## Task objective:
Write out each record exactly and skip every image.

## Listed records:
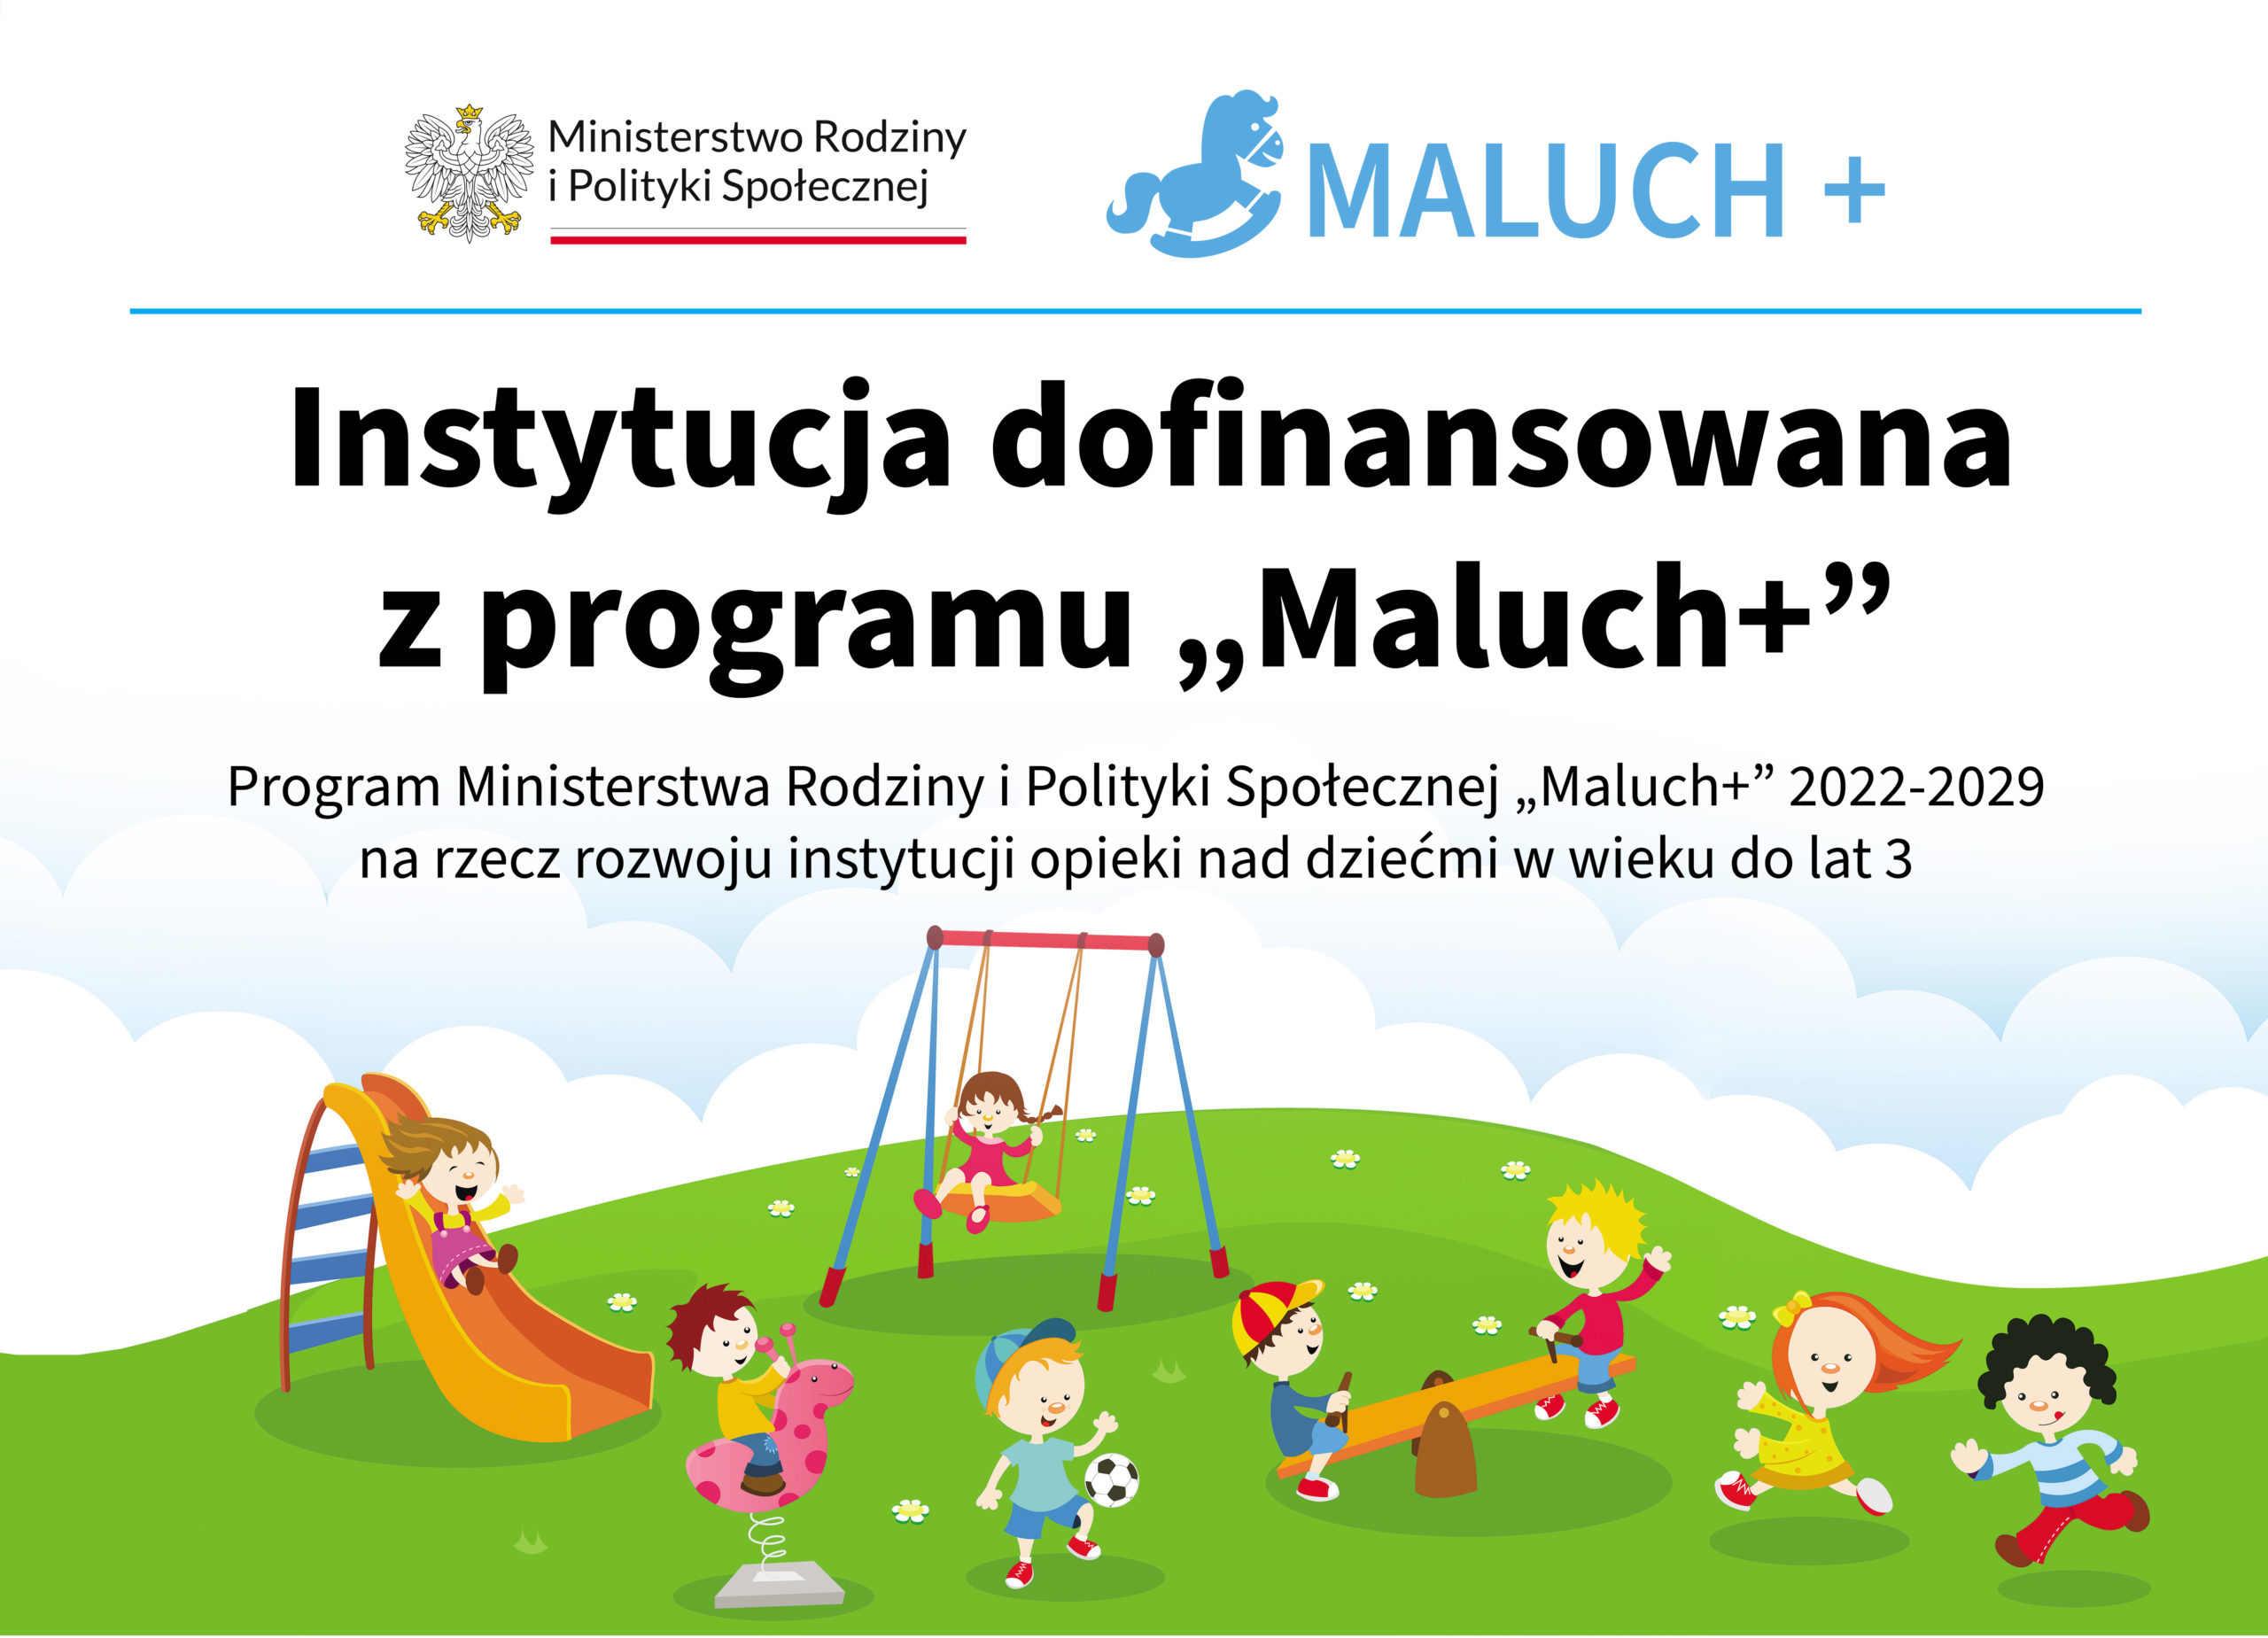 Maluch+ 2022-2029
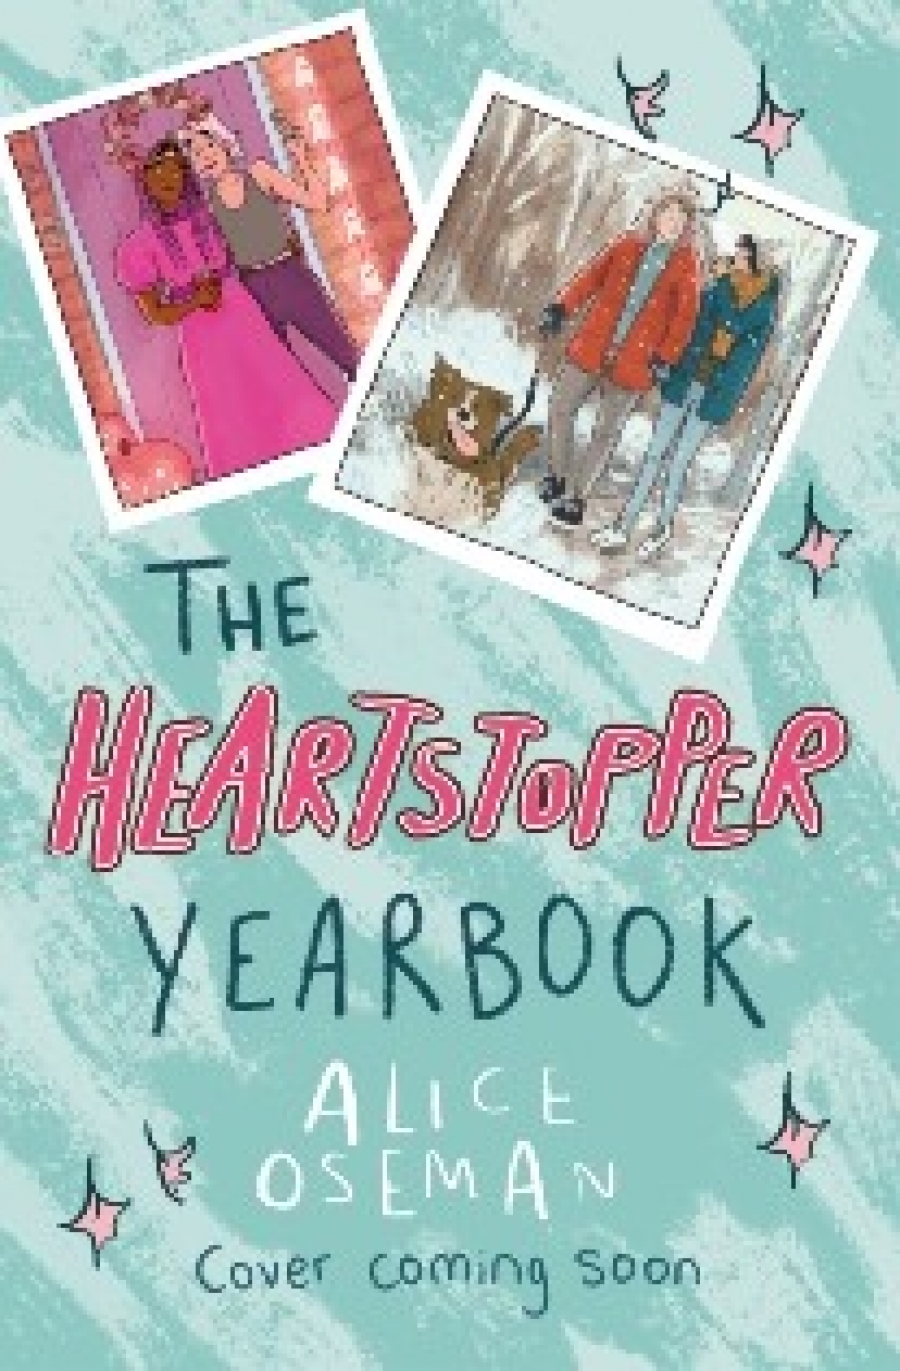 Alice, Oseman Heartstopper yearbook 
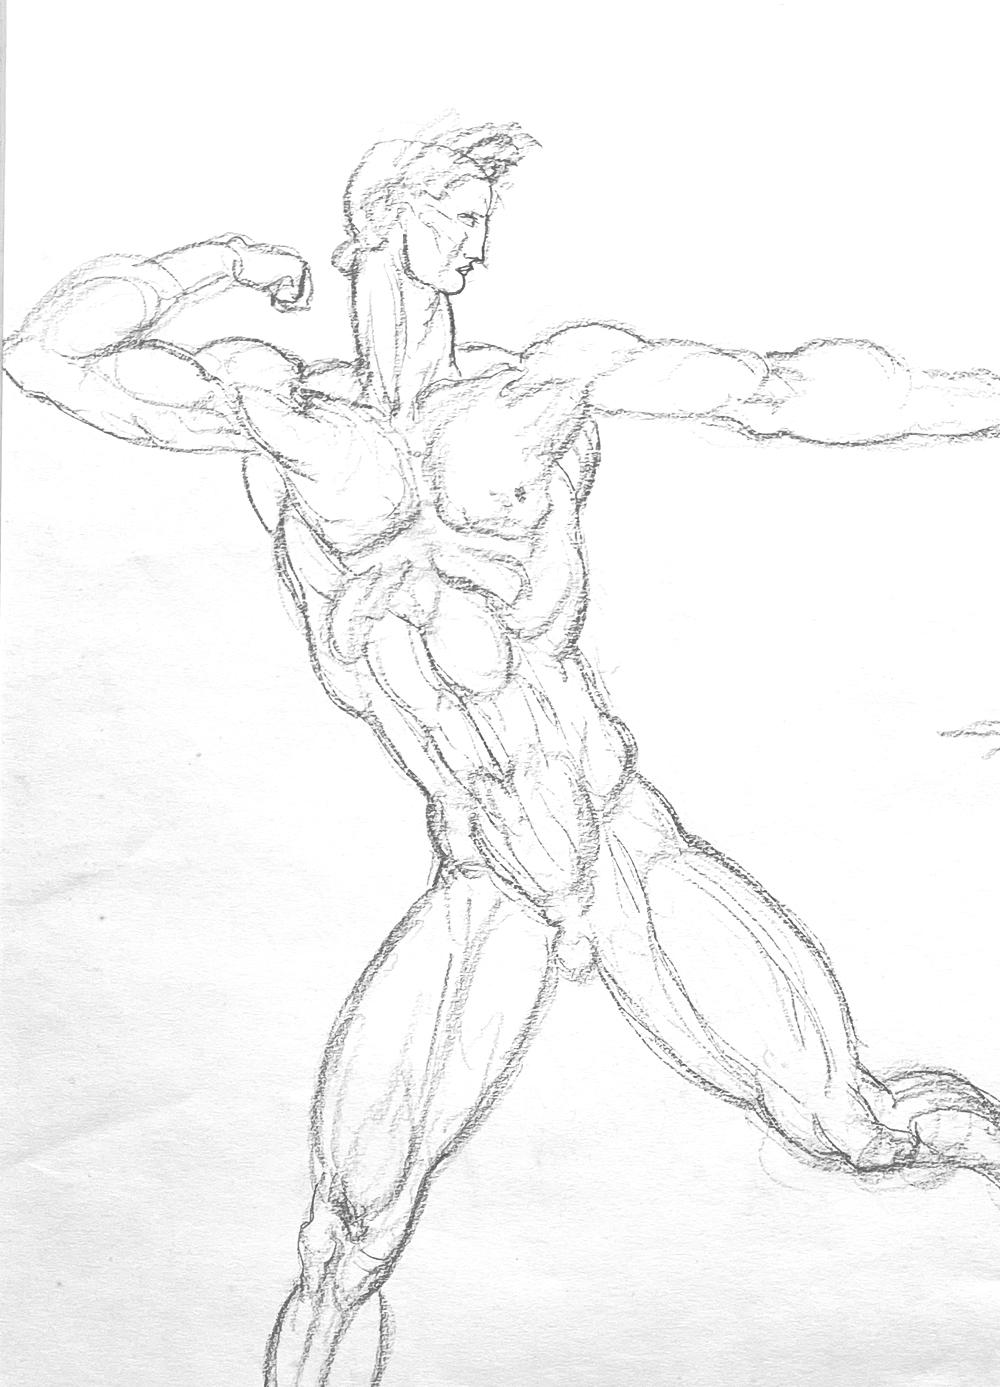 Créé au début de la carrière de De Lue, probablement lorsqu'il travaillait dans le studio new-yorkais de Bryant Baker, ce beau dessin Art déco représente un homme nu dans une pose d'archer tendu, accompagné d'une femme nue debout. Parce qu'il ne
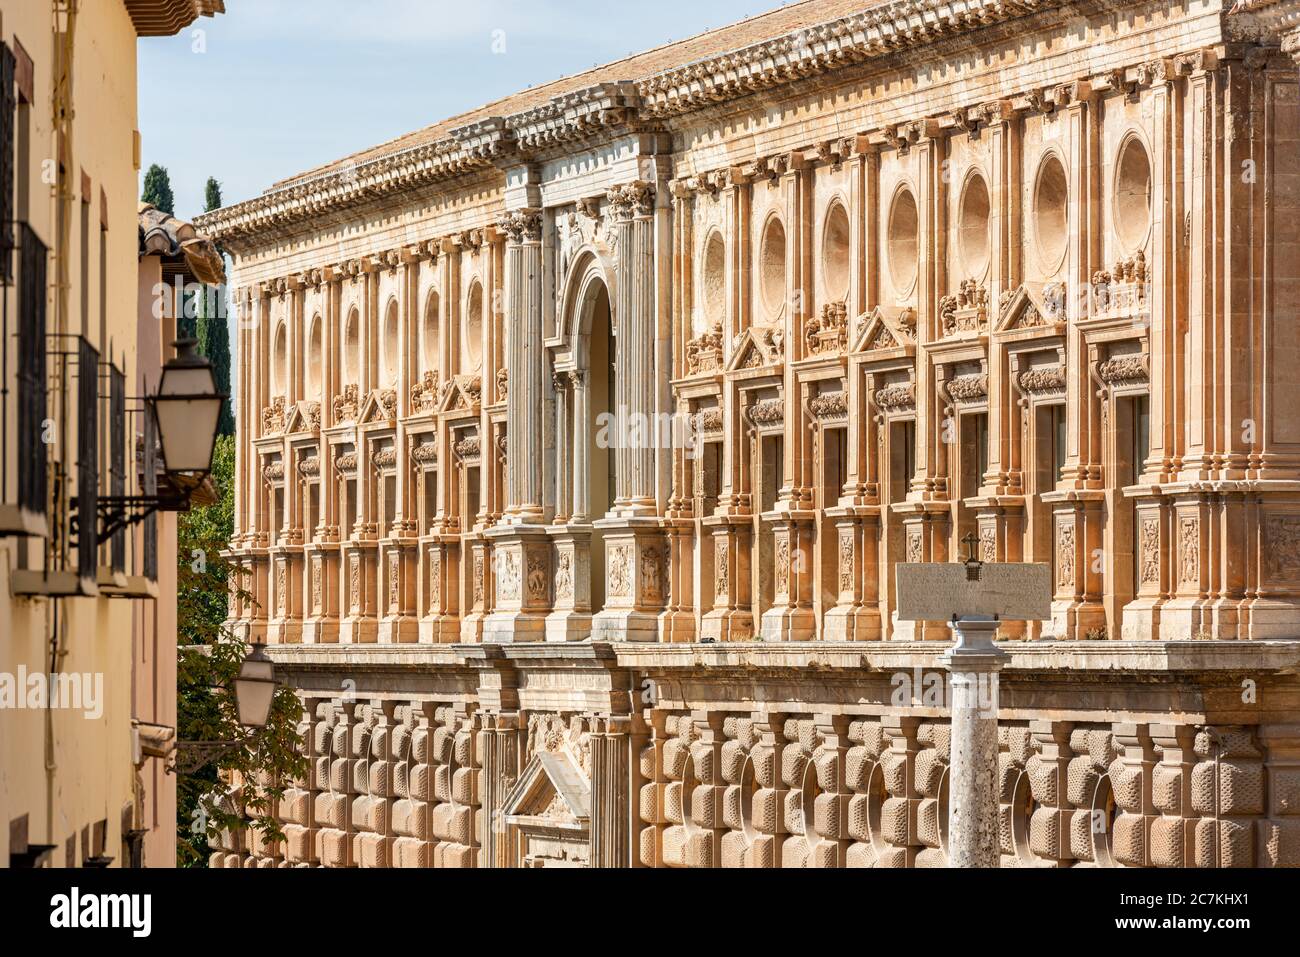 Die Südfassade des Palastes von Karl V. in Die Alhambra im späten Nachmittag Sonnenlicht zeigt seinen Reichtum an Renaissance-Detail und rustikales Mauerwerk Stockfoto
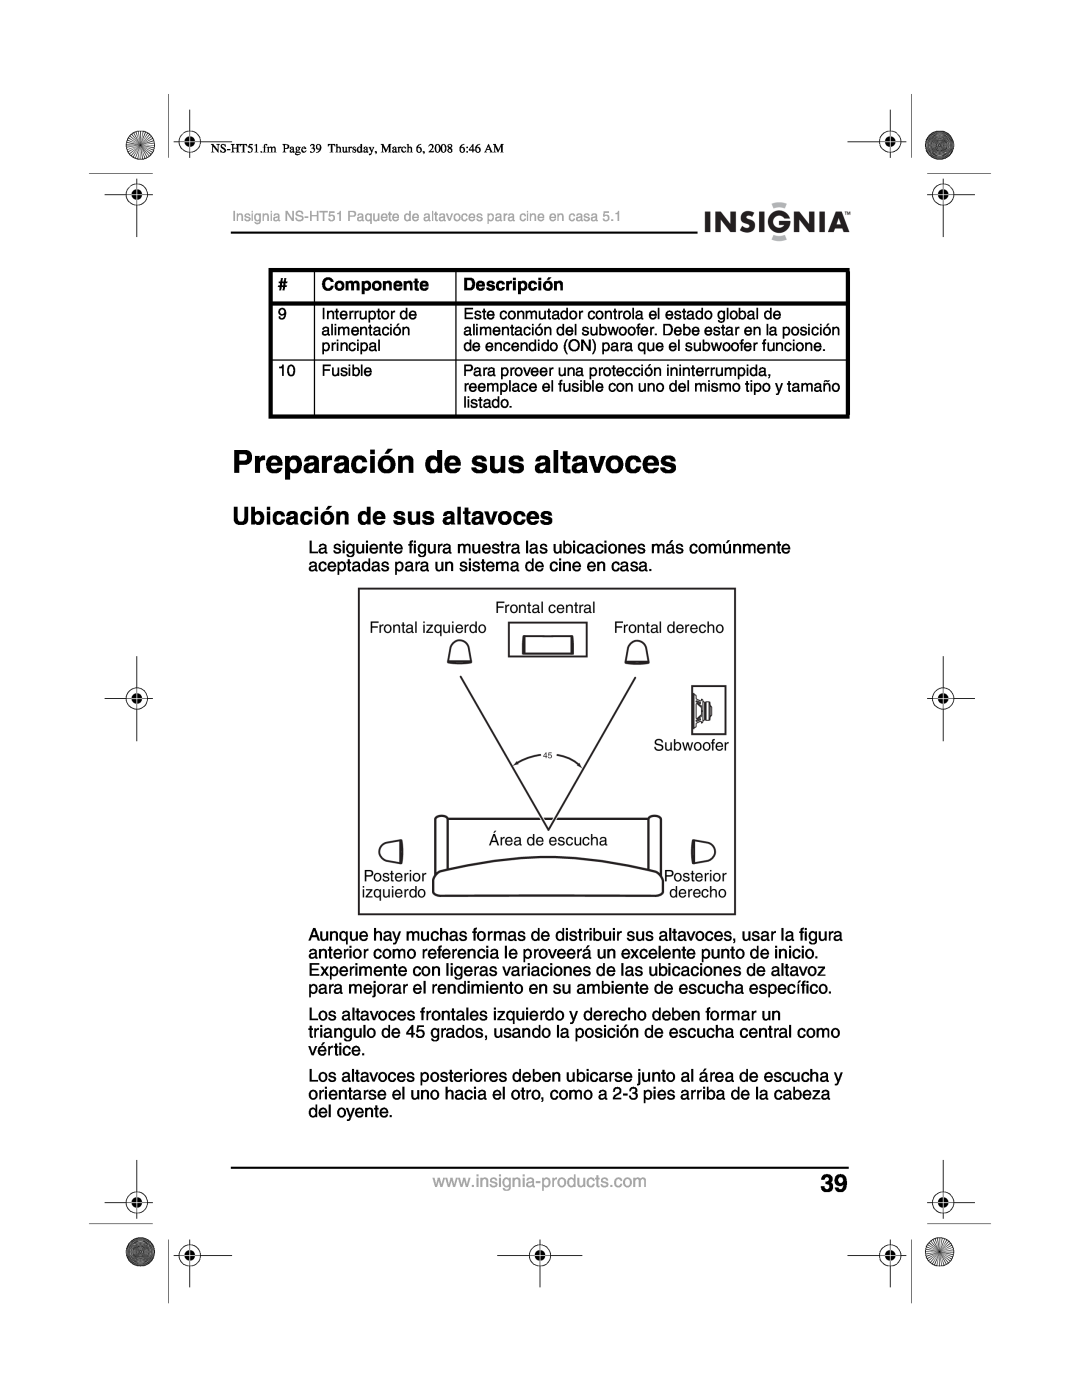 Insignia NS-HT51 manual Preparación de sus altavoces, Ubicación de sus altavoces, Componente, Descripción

## Answer for the task:
 Maluch+ 2022-2029
 Alice, Oseman Heartstopper yearbook 
 Créé au début de la carrière de De Lue, probablement lorsqu'il travaillait dans le studio new-yorkais de Bryant Baker, ce beau dessin Art déco représente un homme nu dans une pose d'archer tendu, accompagné d'une femme nue debout. Parce qu'il ne
 Die Südfassade des Palastes von Karl V. in Die Alhambra im späten Nachmittag Sonnenlicht zeigt seinen Reichtum an Renaissance-Detail und rustikales Mauerwerk Stockfoto
 Insignia NS-HT51 manual Preparación de sus altavoces, Ubicación de sus altavoces, Componente, Descripción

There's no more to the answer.